I figure for speed control, as the craft would be really crude anyway, i could just flick the on/off switch however often i would need to, to reach my desired speed (which probably wouldnt be that fast anyhow).


----------



## Dennis (Feb 25, 2008)

> the first obstacle ive come across is the fact that all of these motors are AC, as the outlets that they plug into are AC, but most all DIY instructions and such discuss DC systems.


The motors inside a vacuum cleaner or blender or even a corded drill is a series-wound motor called by the name "universal motor" meaning it will operate on AC or DC. It should be obvious because a series-wound motor will turn the same direction regardless of how you hook it up to the battery unless you can switch the field or armature separately from each other. It just so happens that since this is true for a series-wound motor then it will turn in the same direction for AC, even though AC switches polarity.

The problem is you will need lots of voltage for that motor to be any use to you and the torque will be poor since the field windings are small and the armature windings are small.

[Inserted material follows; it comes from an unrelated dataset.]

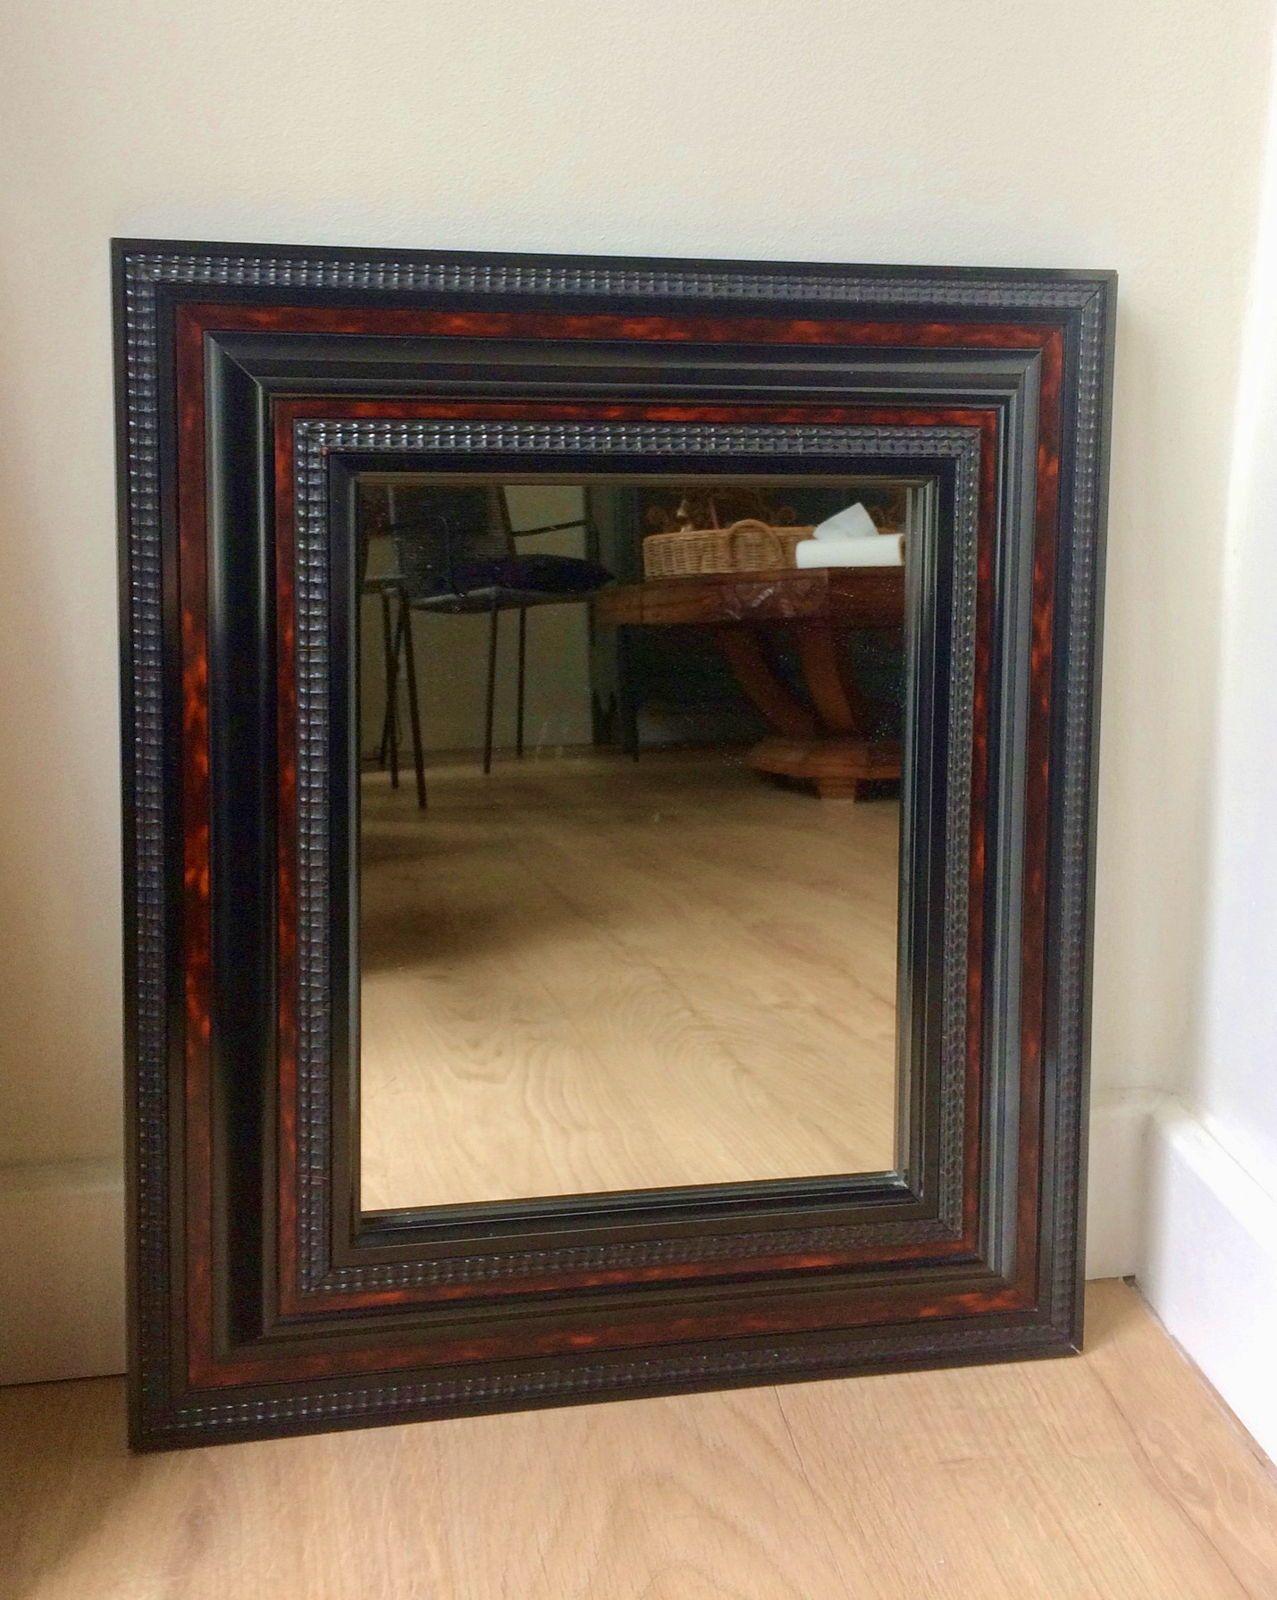 Vends miroir hollandais de belle facture

Not to mention the size of the motor will not allow no where near enough magnetic field lines to fit to provide the torque, so it will saturate.


----------



## MrCrabs (Mar 7, 2008)

pre_tilted said:


> Im considering making a small novelty electric vehicle by taking the motors out of various plug in electronics I have around the house and sticking them on something like a bike frame.

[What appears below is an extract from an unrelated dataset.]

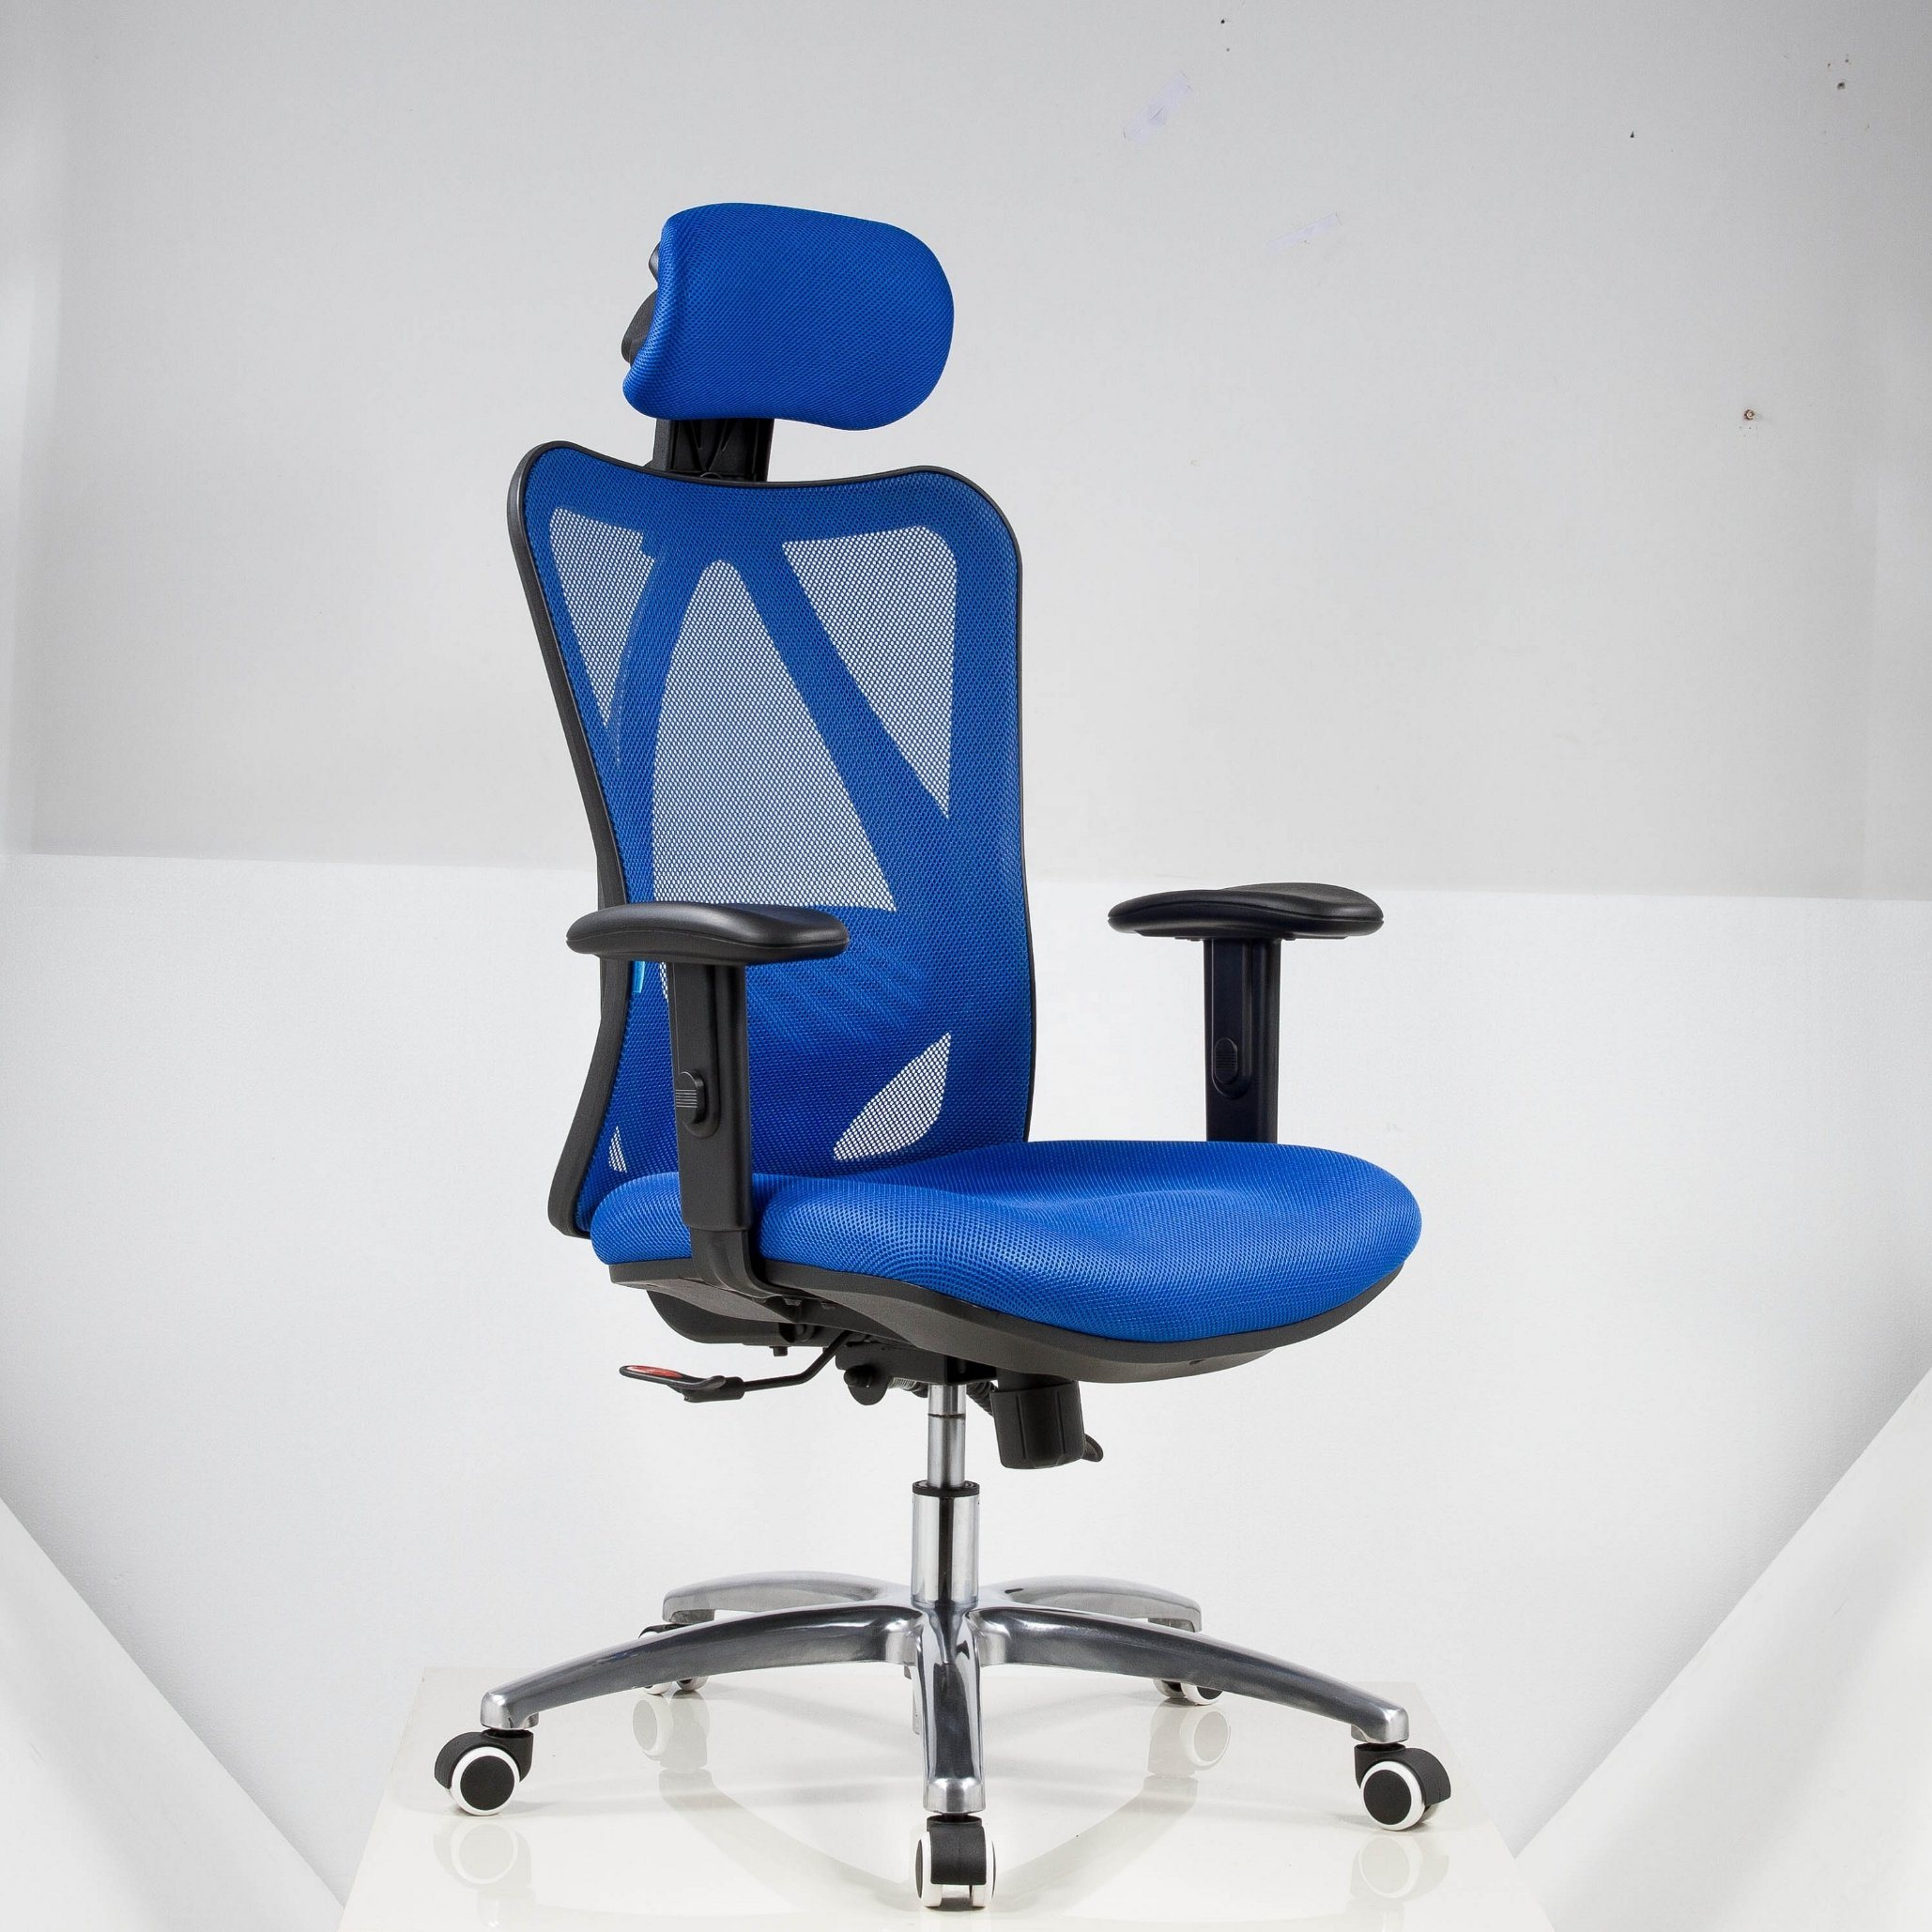 Chegar a cadeiras personalizadas de rodas

If you want to make an electric bike there are tons of kits out there...
http://www.wildernessenergy.com/

The motor is in the wheel, the only bulky part are the batteries on a tray behind the seat.


----------



## pre_tilted (Apr 26, 2008)

Saturate? 

im confused... what does that mean?

I mean, i know what saturate means, but in the context of magnetic field lines, i dont follow what you're saying.


----------



## pre_tilted (Apr 26, 2008)

MrCrabs said:


> If you want to make an electric bike there are tons of kits out there...
> http://www.wildernessenergy.com/
> 
> The motor is in the wheel, the only bulky part are the batteries on a tray behind the seat.



To the best of my understanding, those kits are extremely expensive for very poor performance. Im confident that one way or another i can do better for cheaper.


----------



## 3dplane (Feb 27, 2008)

Pre tilted!
Saturate in this context means the current in the motor can not provide any stronger magnetic field so it just turns into heat and if held under this condition it will basicly go up in smoke. Barna.


----------



## pre_tilted (Apr 26, 2008)

So how serious of an issue is this magnetic saturation thing?

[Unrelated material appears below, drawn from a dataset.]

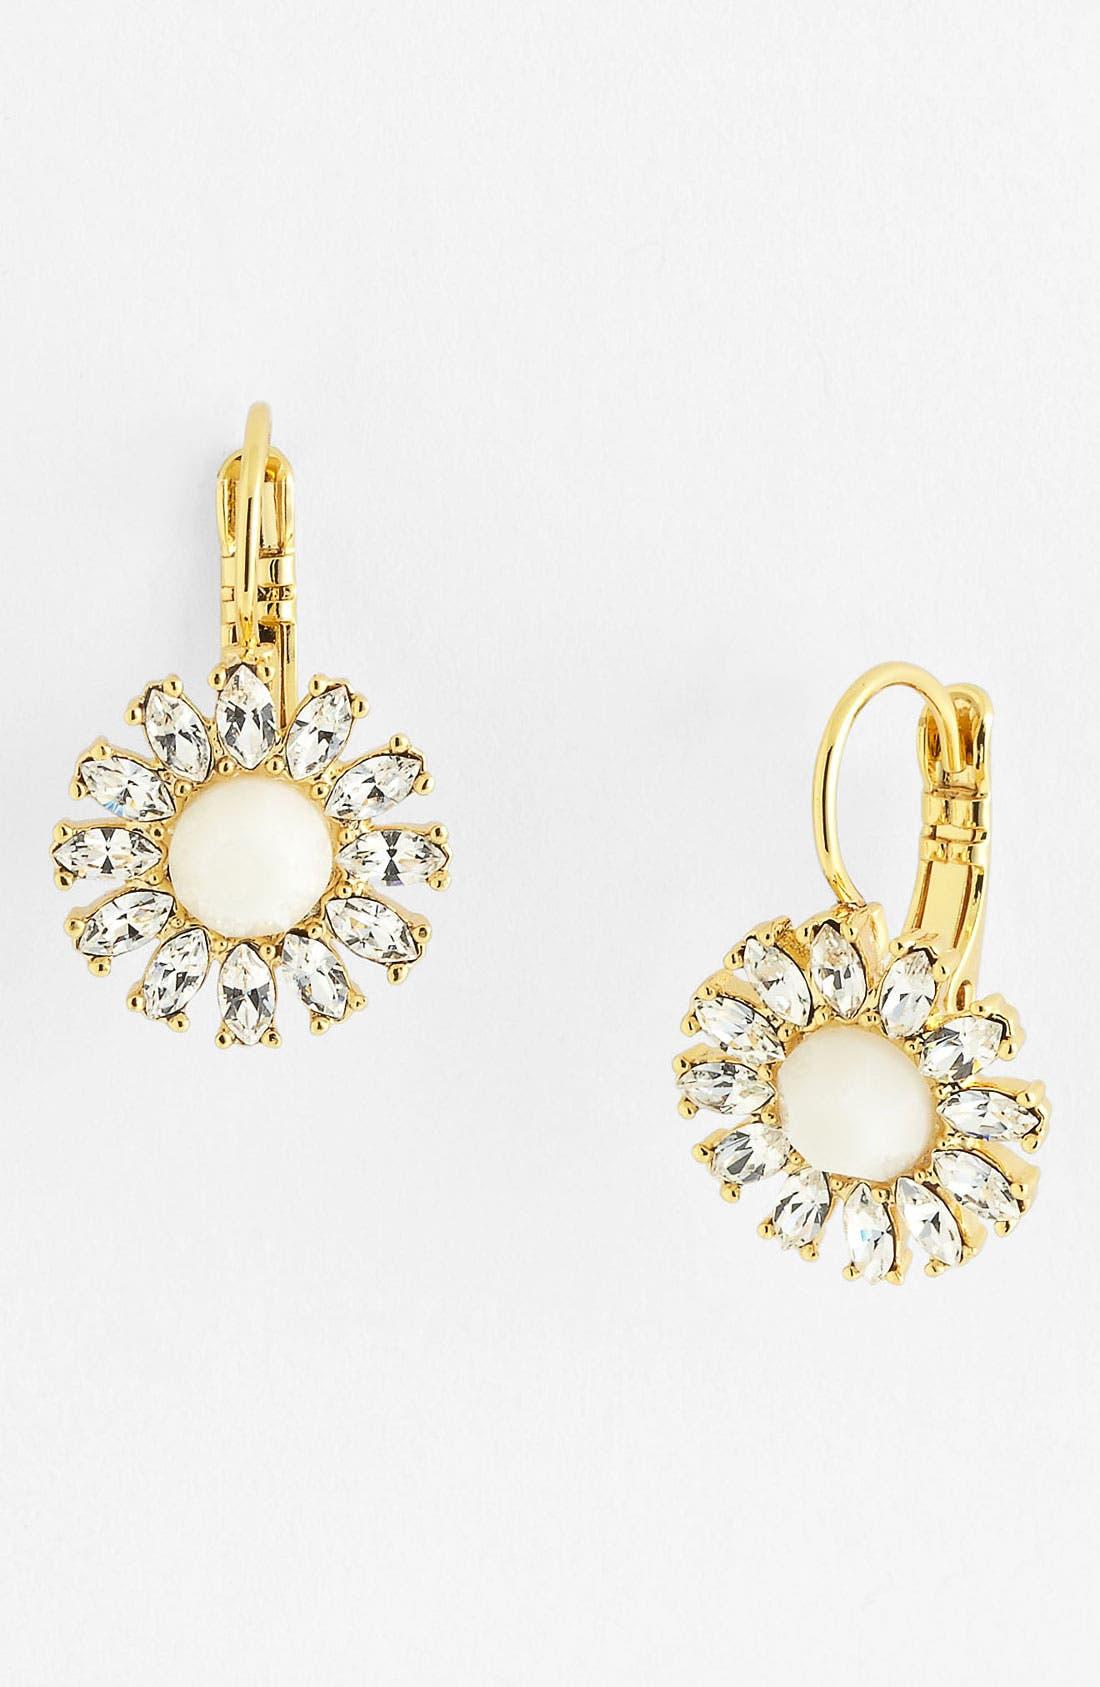 Main Image - kate spade new york 'estate garden' drop earrings

If i plug all this stuff together... will it work?


----------



## 3dplane (Feb 27, 2008)

Catching on fire serious!
What Dennis was trying to tell you is these are high rpm low torque motors.
Not ideal for your application.If they are bogged down such as while 
accelerating they will probably burn up.Unless great enough gearing is done but then it will have extremely slow speed. My opinion. If I were you I would go for something already dc(motor),like something from a car.I've made several bycicles with modified car starters(reduction) powering them.They were free and fun to race around the shop.(at work). Barna.


----------



## xrotaryguy (Jul 26, 2007)

In response to the low quality bike commnent, I ride a home made bike that uses old Chinese bike parts that i salvaged off of a smashed EV Warrior bike. My bike has 1300 miles on it now and is still going strong. I also had a chance to ride a couple of cheap Chinese bicycles today, and I was actually very impressed. They may not be super high quality, but as far as I can tell, they get the job done.


----------



## ww321q (Mar 28, 2008)

pre_tilted go search on YouTube I have seen bikes with all kinds of motors even a couple had skillsaws and drill motors . A vacuum motor would be a poor choice though cause they need all that air to keep from burning up under normal operating conditions and I think they turn way high RPM .J.W.


----------